I was told that I might try the sky.com site. Which I did, and found the extremely useful FAQ topic, “What is email?”
Eventually, three days later, aided by my very helpful and knowledgeable web space hosts POBox Internet, I figured out Sky’s SMTP’s address (smtp.sky.com as I might have guessed) and called Sky again to clear up the problem regarding my crazy, mixed-up phone lines. After assorted phone calls to various departments totaling almost three hours, it transpires that Sky’s ‘system’ does not allow more than one broadband account per address. In other words, there is no option than to cancel the existing phone (i.e. wrong) line and reorder another on the fax (i.e. correct) line. Which could leave me without Internet access for several weeks.

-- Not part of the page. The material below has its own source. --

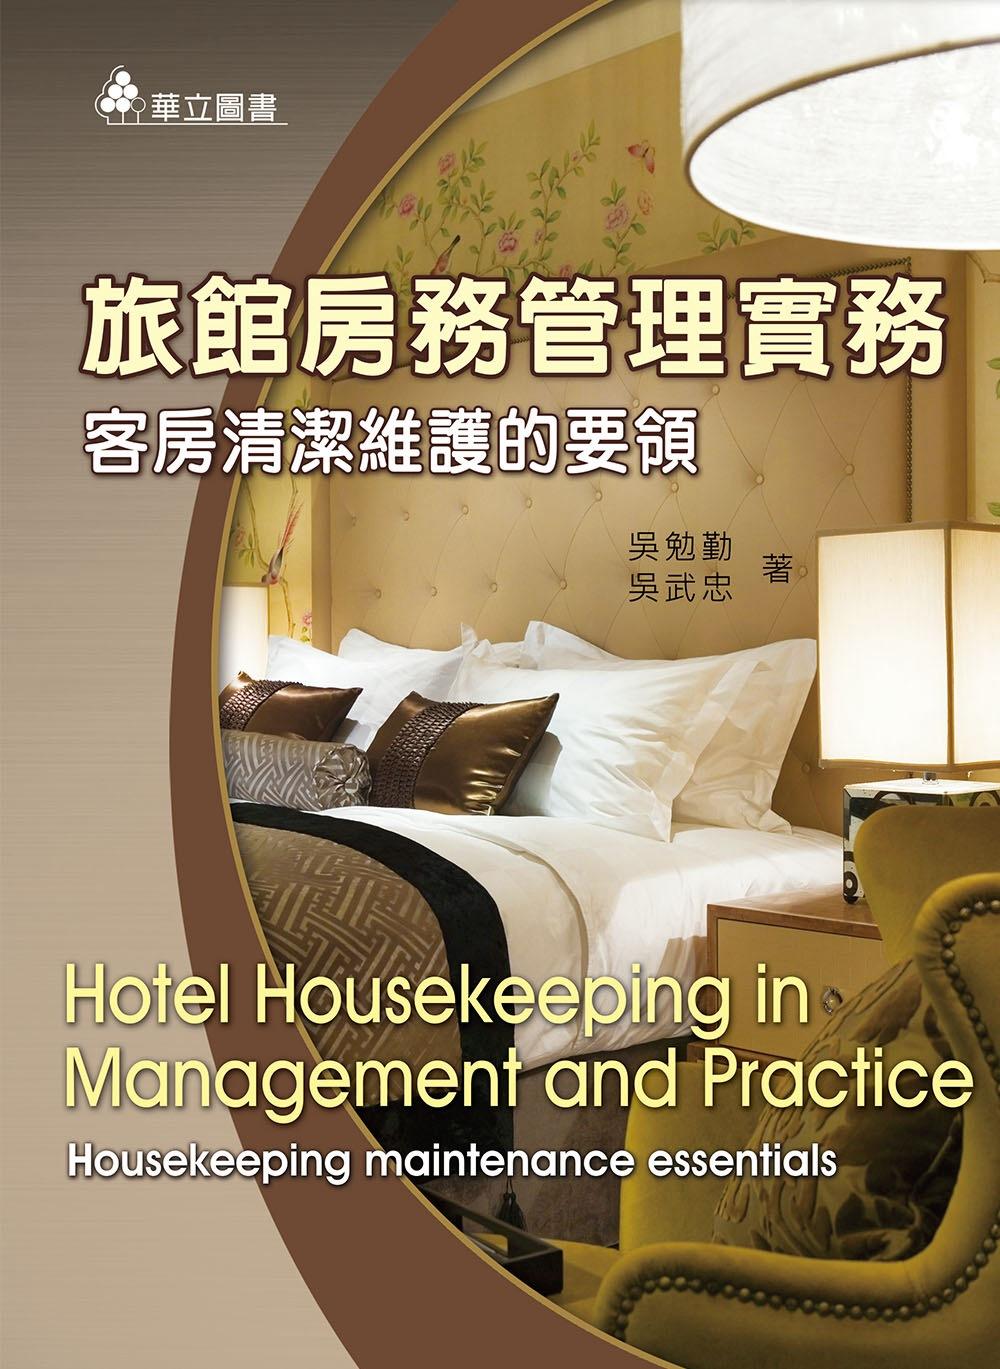 旅館房務管理實務:客房清潔維護的要領(三版)

So please appreciate, dear reader, that my email response time and blog update frequency may be negatively affected over the coming weeks until this matter is resolved.
As a tangential aside, at one point shortly after my three-hour Sky chat marathon, I was so frustrated and angry, I walked down to the end of my garden and attempted to kick Bulldog Babs’ ball against the fence as hard as I could. I didn’t connect with the ball properly, and it hit the fence with a disappointing tap about three inches off the floor. However, the force of my follow-through sent my right sandal soaring into the air and over the six-foot high fence into my neighbour’s garden.
He did have a good laugh when I knocked on his door and asked, “Could I have my shoe back please, mister?”